Given the evidence on spatial disparity in disability on the map, some maybe due to unobserved factors across districts, I fit a multilevel model of poverty on disability. One new twist to this story concerns mobile phone technology. It is widely known that the technology, a quintessential communication technology, has offered users myriad benefits all over the world. By making communication cheap and timely, all sorts of economic transactions and social interactions are facilitated. In Uganda, any MTN account holders can easily transfer funds across the span of the country from Kigezi to Karamoja without going through Kampala. So use of this technology may also affect poverty. Most interesting however is the question: does it matter more for people with disability?

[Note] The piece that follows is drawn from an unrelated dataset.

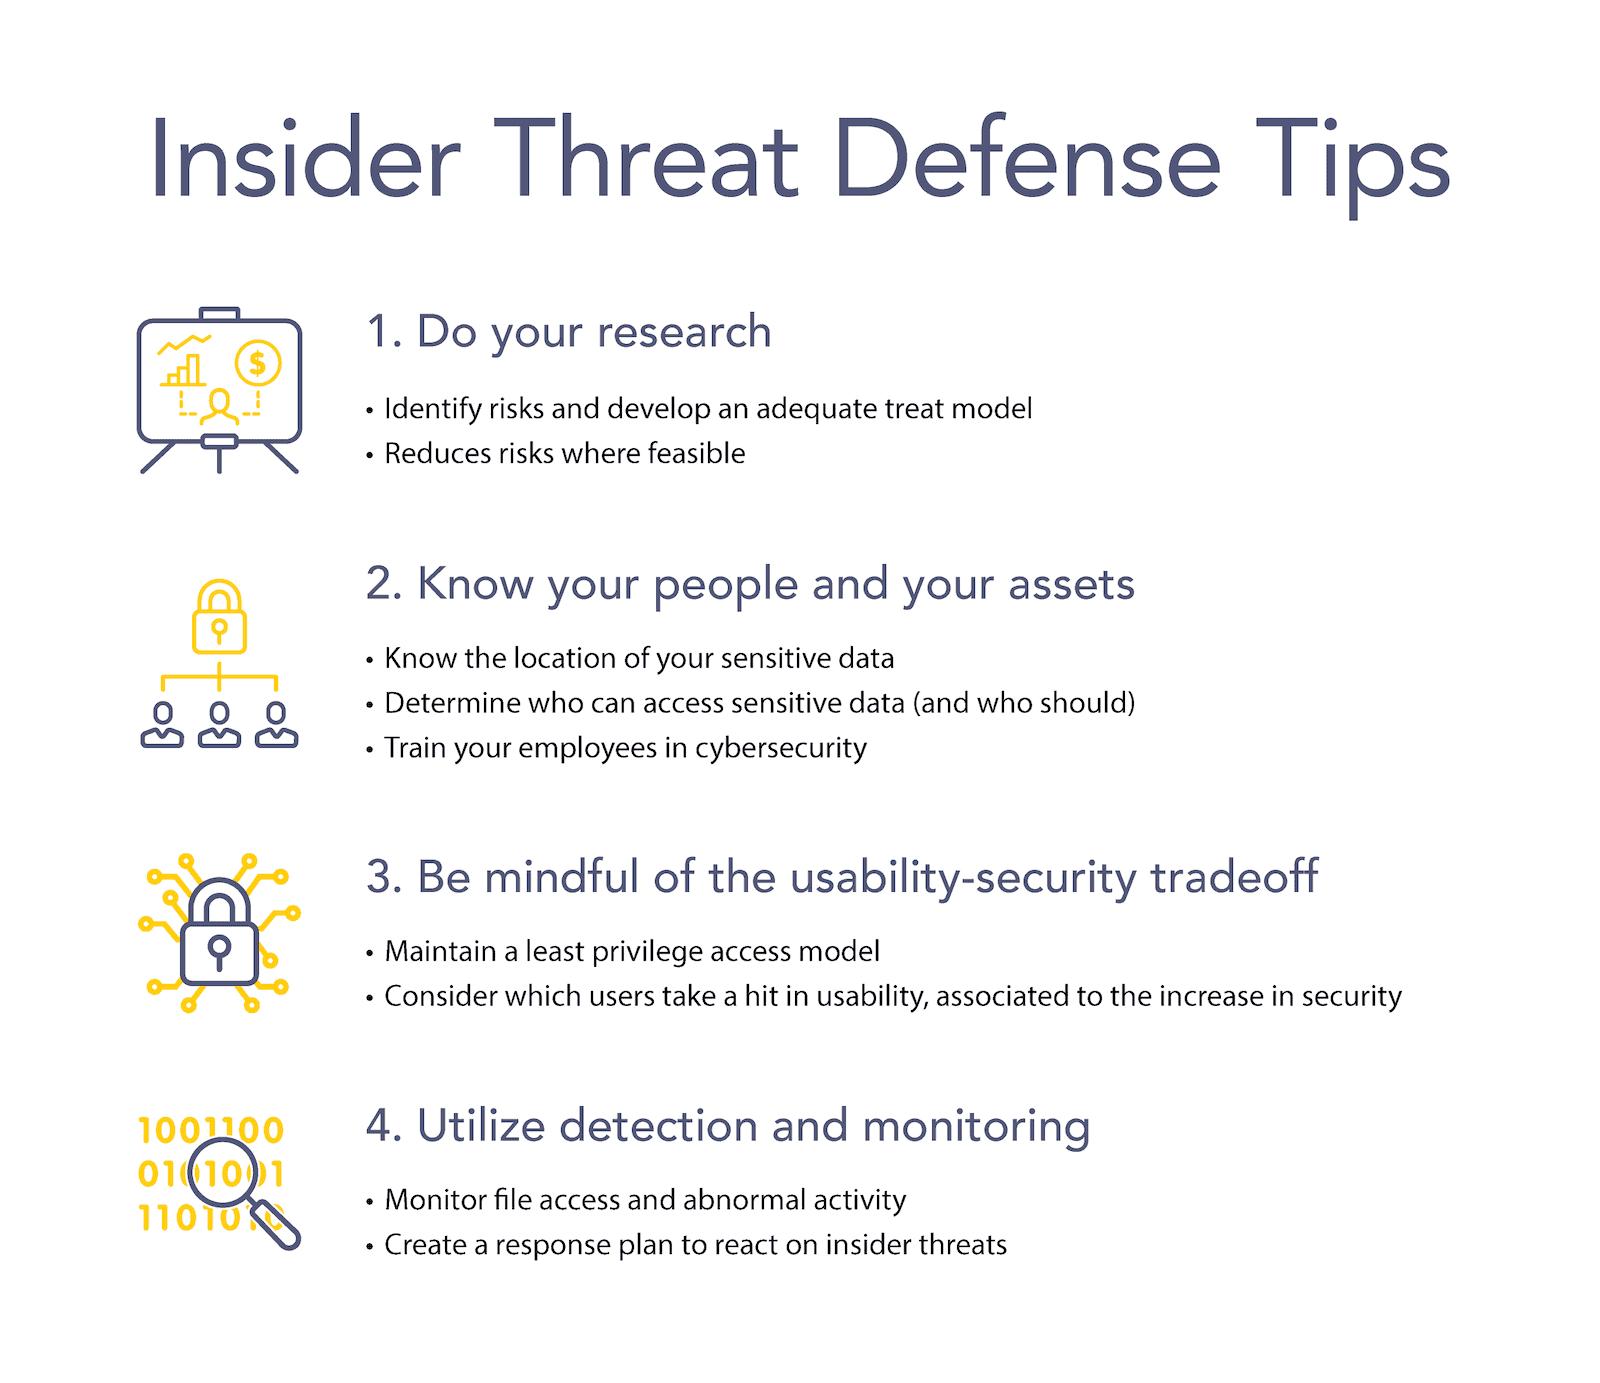 Insider threat defense tips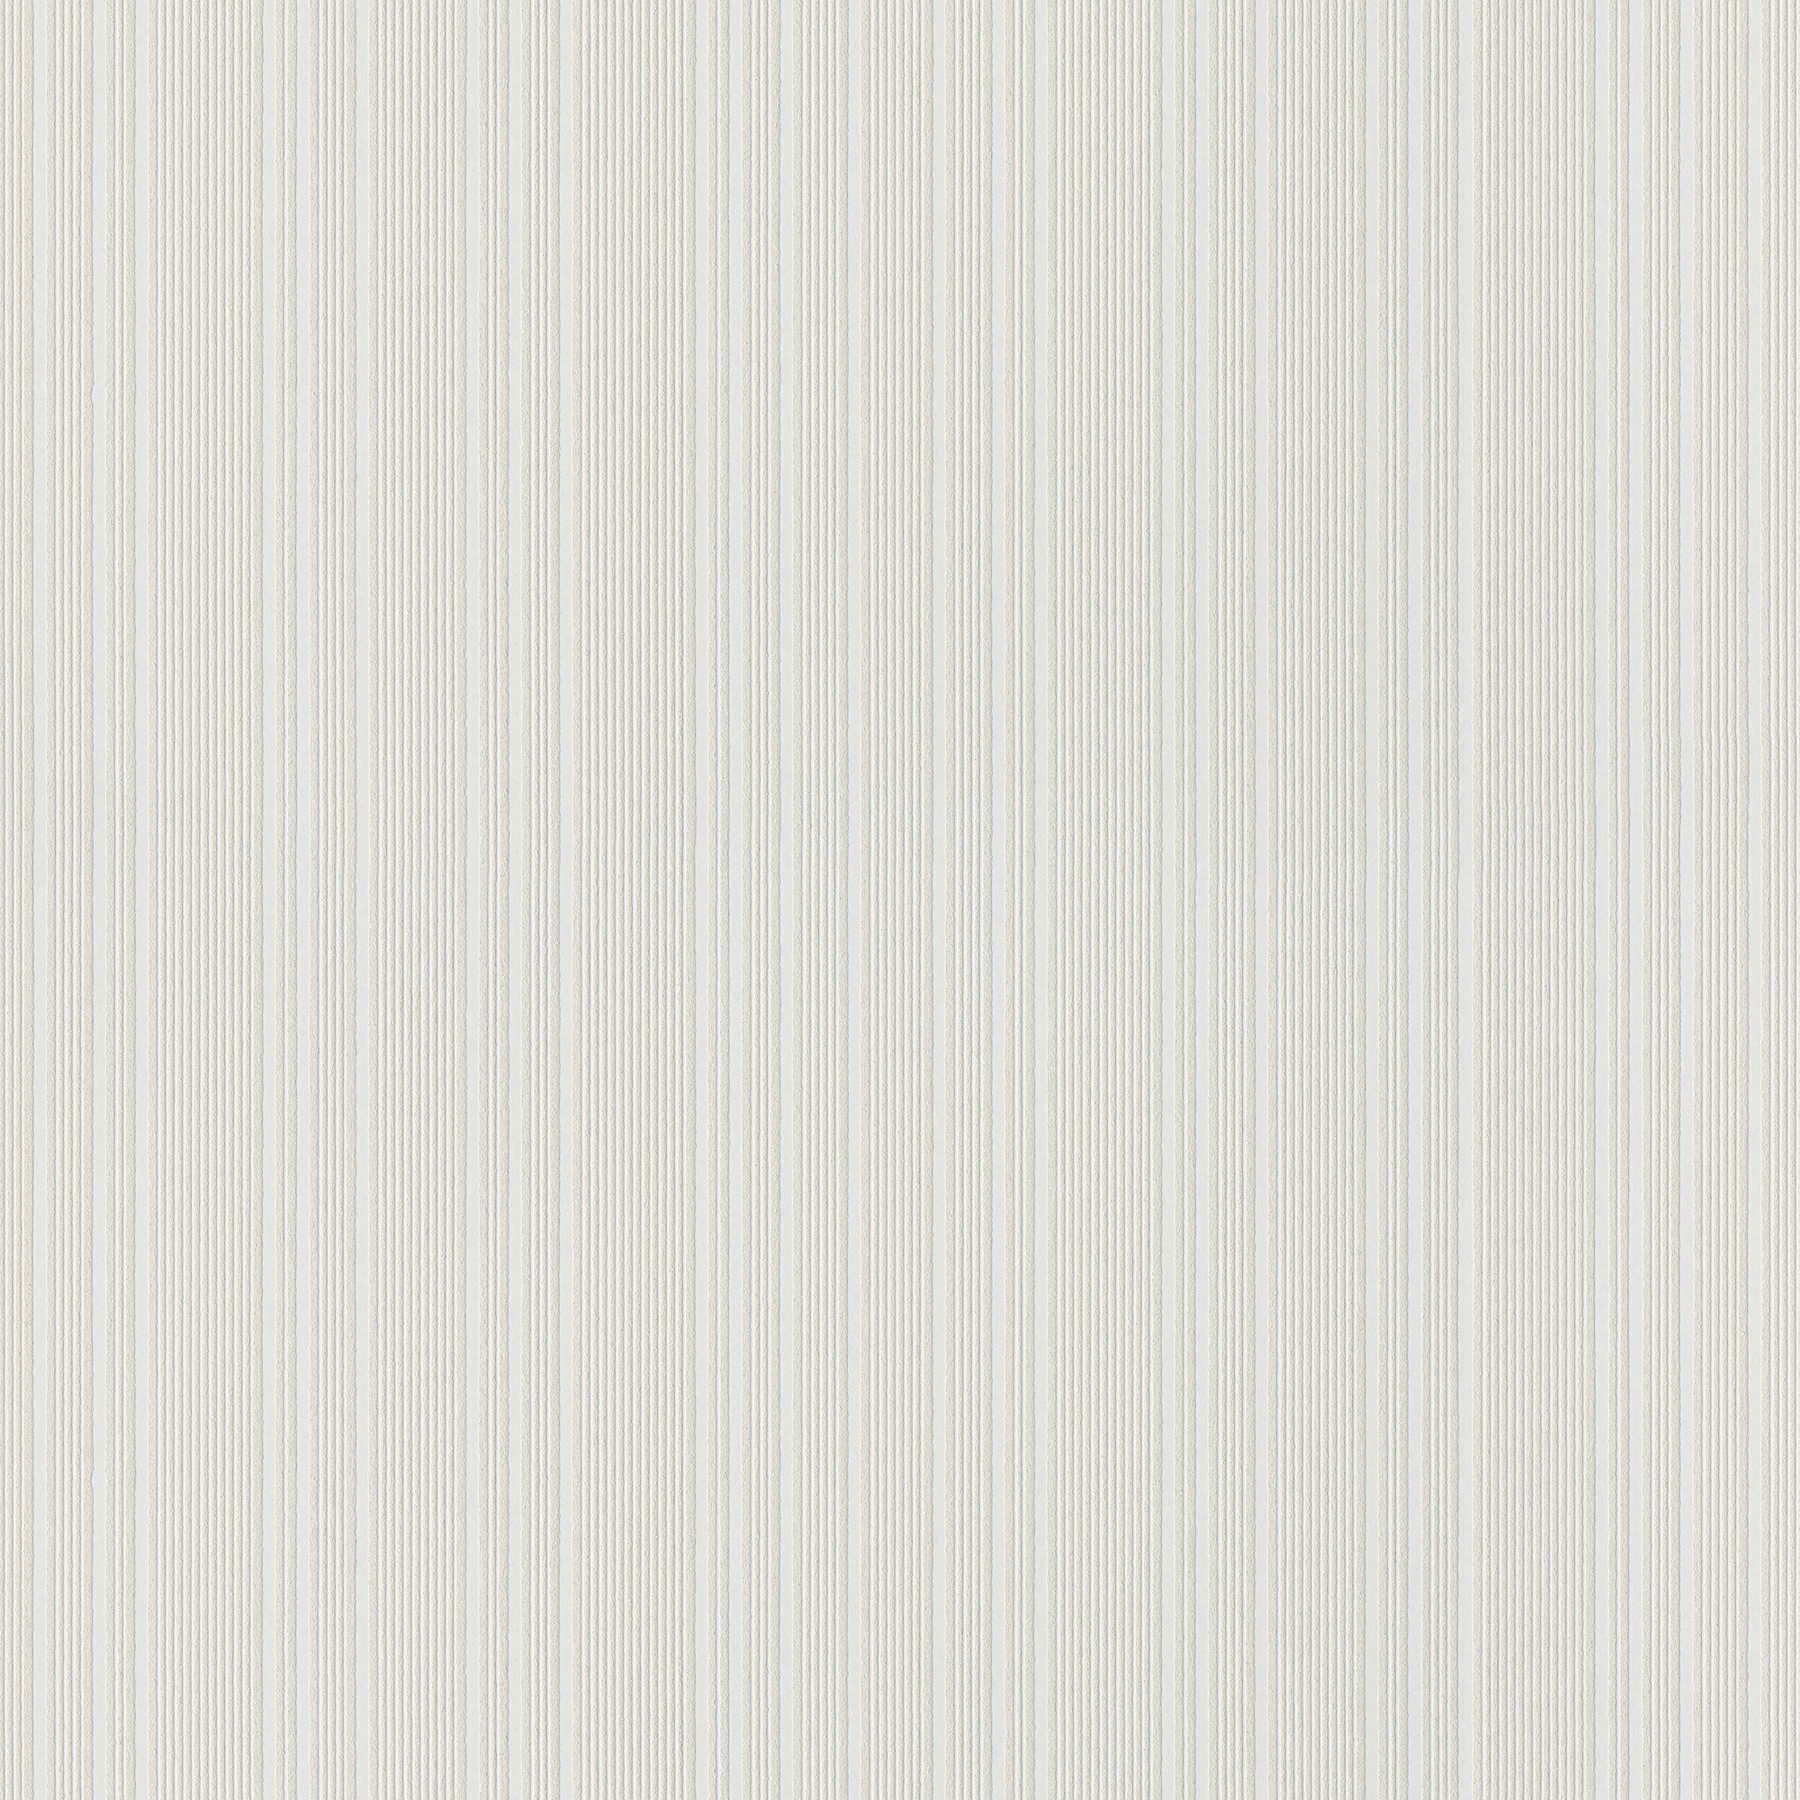 Carta da parati verniciabile in tessuto non tessuto con motivo a linee - bianco

To answer this question I examine the interaction between mobile phone use and disability or mobile phone use in the hands of people with disability when explaining poverty. Specifically the outcome of interest is multidimensional poverty, along the three axes of education, health and living standards as is recently done for the Global Multidimensional Poverty study. The indicators include, for education, no household member aged 10 years or older has completed five years of schooling, any school-aged child is not attending school up to the age at which he/she would complete class 8. Meanwhile for health they include any child has died in the family in the five-year period preceding the survey, or any adult under 70 years of age or any child for whom there is nutritional information is undernourished in terms of weight for age. For living standards, there is a long list of indicators including the household has no electricity, the household’s sanitation facility is not improved (according to MDG guidelines) or it is improved but shared with other households, the household does not have access to improved drinking water or safe drinking water is at 30-minute walk from home, the household has a dirt, sand, dung, or other type of floor, the household cooks with dung, wood, or charcoal, the household does not own more than one of these assets: radio, TV, fixed telephone, bicycle, motorbike, or refrigerator, and does not own a car or truck. Following the common practice when individual incomes are not collected, poverty is assessed for each household and assigned to all its members.
Though focusing on the interaction between disability and technology in explaining poverty, other covariates are accounted for including gender, age, education, residence (urban-rural) and random district effects. The results of marginal probabilities of multidimensional poverty is summarised in a table.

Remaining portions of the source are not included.